* **Task brief**: Somewhere below is a line with "Што такое Storyboard" and, later, a line with "南门网 节气 中式 小寒 大寒 传统节日 新中式 排版 书法 大气 刷屏 微信"; repeat those two lines and all the lines between them, exactly as they are.

* **Records supplied**:
■ ■ ■ ■
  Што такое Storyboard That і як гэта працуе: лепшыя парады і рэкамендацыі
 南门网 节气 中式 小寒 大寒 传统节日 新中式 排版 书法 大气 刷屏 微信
■ ■ ■ ■
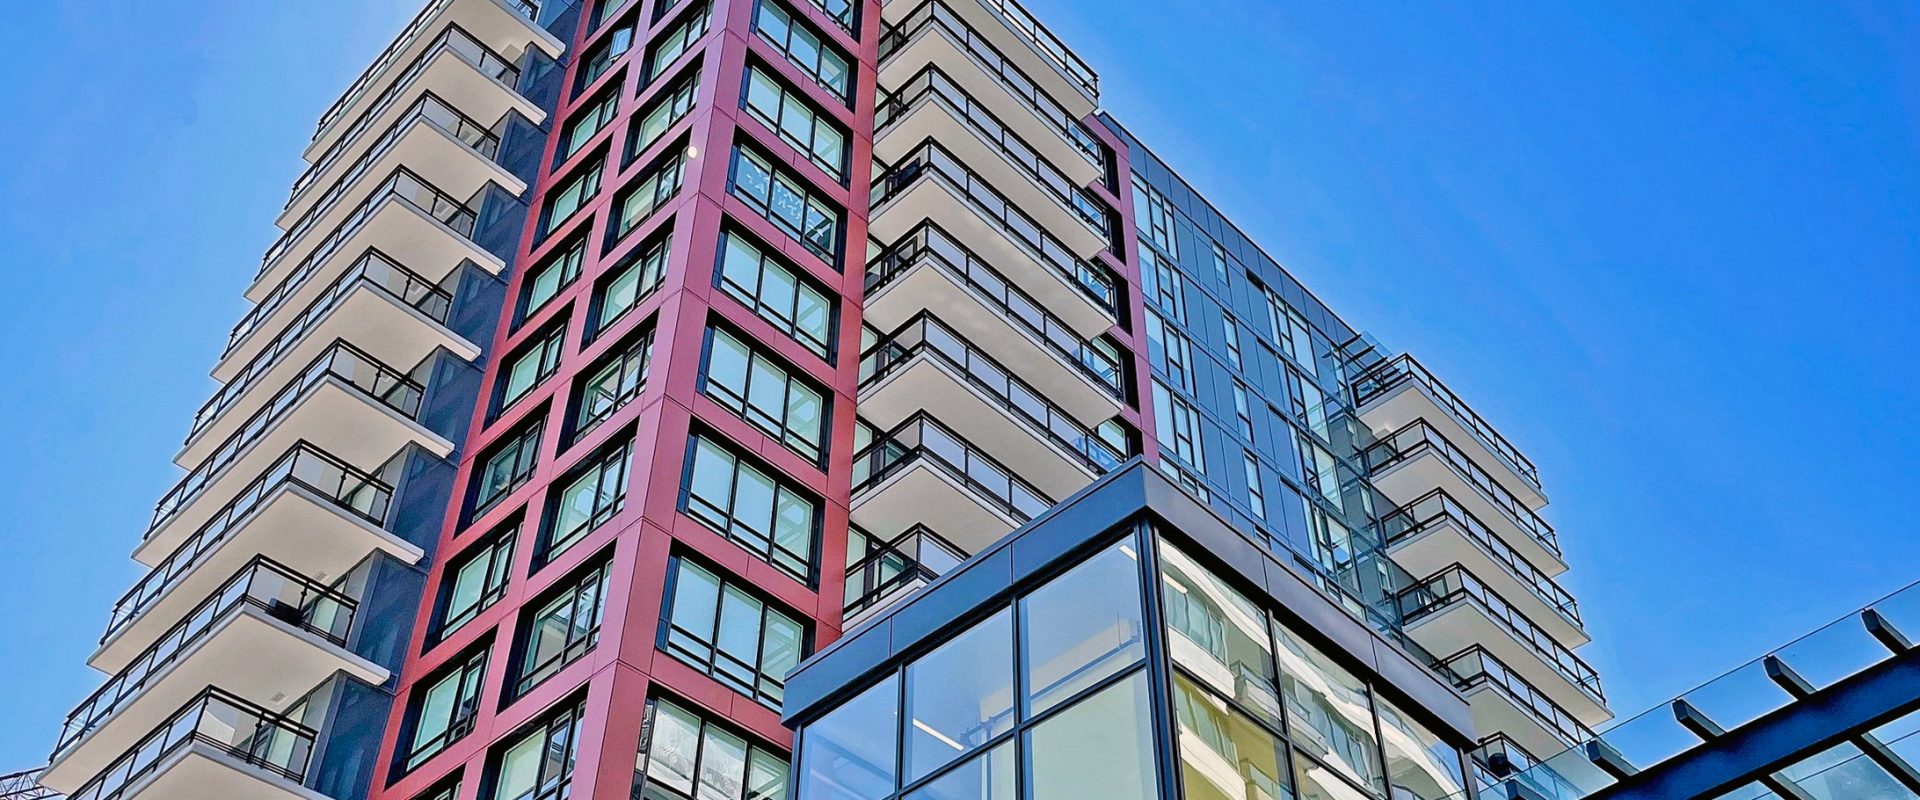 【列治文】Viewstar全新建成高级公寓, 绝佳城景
■ ■ ■ ■
* **Completed task**:
  Што такое Storyboard That і як гэта працуе: лепшыя парады і рэкамендацыі
 南门网 节气 中式 小寒 大寒 传统节日 新中式 排版 书法 大气 刷屏 微信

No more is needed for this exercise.